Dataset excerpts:
=====
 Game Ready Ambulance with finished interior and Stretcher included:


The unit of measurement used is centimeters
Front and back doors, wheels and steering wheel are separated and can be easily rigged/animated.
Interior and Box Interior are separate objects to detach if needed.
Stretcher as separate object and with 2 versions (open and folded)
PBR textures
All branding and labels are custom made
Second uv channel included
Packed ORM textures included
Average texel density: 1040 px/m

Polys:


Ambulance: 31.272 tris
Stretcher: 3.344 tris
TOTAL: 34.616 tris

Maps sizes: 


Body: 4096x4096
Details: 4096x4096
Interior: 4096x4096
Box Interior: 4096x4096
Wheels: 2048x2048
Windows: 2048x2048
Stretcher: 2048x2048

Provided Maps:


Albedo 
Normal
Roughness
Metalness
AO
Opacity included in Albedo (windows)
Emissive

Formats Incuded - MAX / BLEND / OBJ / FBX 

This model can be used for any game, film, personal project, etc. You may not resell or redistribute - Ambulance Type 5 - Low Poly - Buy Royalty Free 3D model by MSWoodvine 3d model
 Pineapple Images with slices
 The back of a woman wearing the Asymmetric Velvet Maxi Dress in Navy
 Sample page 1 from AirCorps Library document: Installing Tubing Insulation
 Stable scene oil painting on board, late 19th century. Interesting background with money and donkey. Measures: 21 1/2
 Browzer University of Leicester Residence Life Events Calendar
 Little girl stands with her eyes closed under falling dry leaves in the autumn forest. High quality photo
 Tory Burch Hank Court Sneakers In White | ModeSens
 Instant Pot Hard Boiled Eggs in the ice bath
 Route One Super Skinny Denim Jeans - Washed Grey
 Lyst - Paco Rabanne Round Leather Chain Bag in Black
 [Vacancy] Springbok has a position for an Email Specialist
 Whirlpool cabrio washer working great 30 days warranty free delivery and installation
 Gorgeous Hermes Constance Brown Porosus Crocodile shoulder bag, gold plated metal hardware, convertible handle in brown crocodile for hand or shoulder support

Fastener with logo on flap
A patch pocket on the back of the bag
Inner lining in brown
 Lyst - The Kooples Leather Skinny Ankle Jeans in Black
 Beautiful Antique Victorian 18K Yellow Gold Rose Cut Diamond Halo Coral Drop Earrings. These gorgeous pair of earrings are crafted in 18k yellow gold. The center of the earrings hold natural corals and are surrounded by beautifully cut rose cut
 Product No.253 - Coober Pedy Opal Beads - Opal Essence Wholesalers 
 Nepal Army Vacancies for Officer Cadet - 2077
=====
== Work to be completed ==
Exact retyping of every entry is required.

== Solution ==
 Game Ready Ambulance with finished interior and Stretcher included:


The unit of measurement used is centimeters
Front and back doors, wheels and steering wheel are separated and can be easily rigged/animated.
Interior and Box Interior are separate objects to detach if needed.
Stretcher as separate object and with 2 versions (open and folded)
PBR textures
All branding and labels are custom made
Second uv channel included
Packed ORM textures included
Average texel density: 1040 px/m

Polys:


Ambulance: 31.272 tris
Stretcher: 3.344 tris
TOTAL: 34.616 tris

Maps sizes: 


Body: 4096x4096
Details: 4096x4096
Interior: 4096x4096
Box Interior: 4096x4096
Wheels: 2048x2048
Windows: 2048x2048
Stretcher: 2048x2048

Provided Maps:


Albedo 
Normal
Roughness
Metalness
AO
Opacity included in Albedo (windows)
Emissive

Formats Incuded - MAX / BLEND / OBJ / FBX 

This model can be used for any game, film, personal project, etc. You may not resell or redistribute - Ambulance Type 5 - Low Poly - Buy Royalty Free 3D model by MSWoodvine 3d model
 Pineapple Images with slices
 The back of a woman wearing the Asymmetric Velvet Maxi Dress in Navy
 Sample page 1 from AirCorps Library document: Installing Tubing Insulation
 Stable scene oil painting on board, late 19th century. Interesting background with money and donkey. Measures: 21 1/2
 Browzer University of Leicester Residence Life Events Calendar
 Little girl stands with her eyes closed under falling dry leaves in the autumn forest. High quality photo
 Tory Burch Hank Court Sneakers In White | ModeSens
 Instant Pot Hard Boiled Eggs in the ice bath
 Route One Super Skinny Denim Jeans - Washed Grey
 Lyst - Paco Rabanne Round Leather Chain Bag in Black
 [Vacancy] Springbok has a position for an Email Specialist
 Whirlpool cabrio washer working great 30 days warranty free delivery and installation
 Gorgeous Hermes Constance Brown Porosus Crocodile shoulder bag, gold plated metal hardware, convertible handle in brown crocodile for hand or shoulder support

Fastener with logo on flap
A patch pocket on the back of the bag
Inner lining in brown
 Lyst - The Kooples Leather Skinny Ankle Jeans in Black
 Beautiful Antique Victorian 18K Yellow Gold Rose Cut Diamond Halo Coral Drop Earrings. These gorgeous pair of earrings are crafted in 18k yellow gold. The center of the earrings hold natural corals and are surrounded by beautifully cut rose cut
 Product No.253 - Coober Pedy Opal Beads - Opal Essence Wholesalers 
 Nepal Army Vacancies for Officer Cadet - 2077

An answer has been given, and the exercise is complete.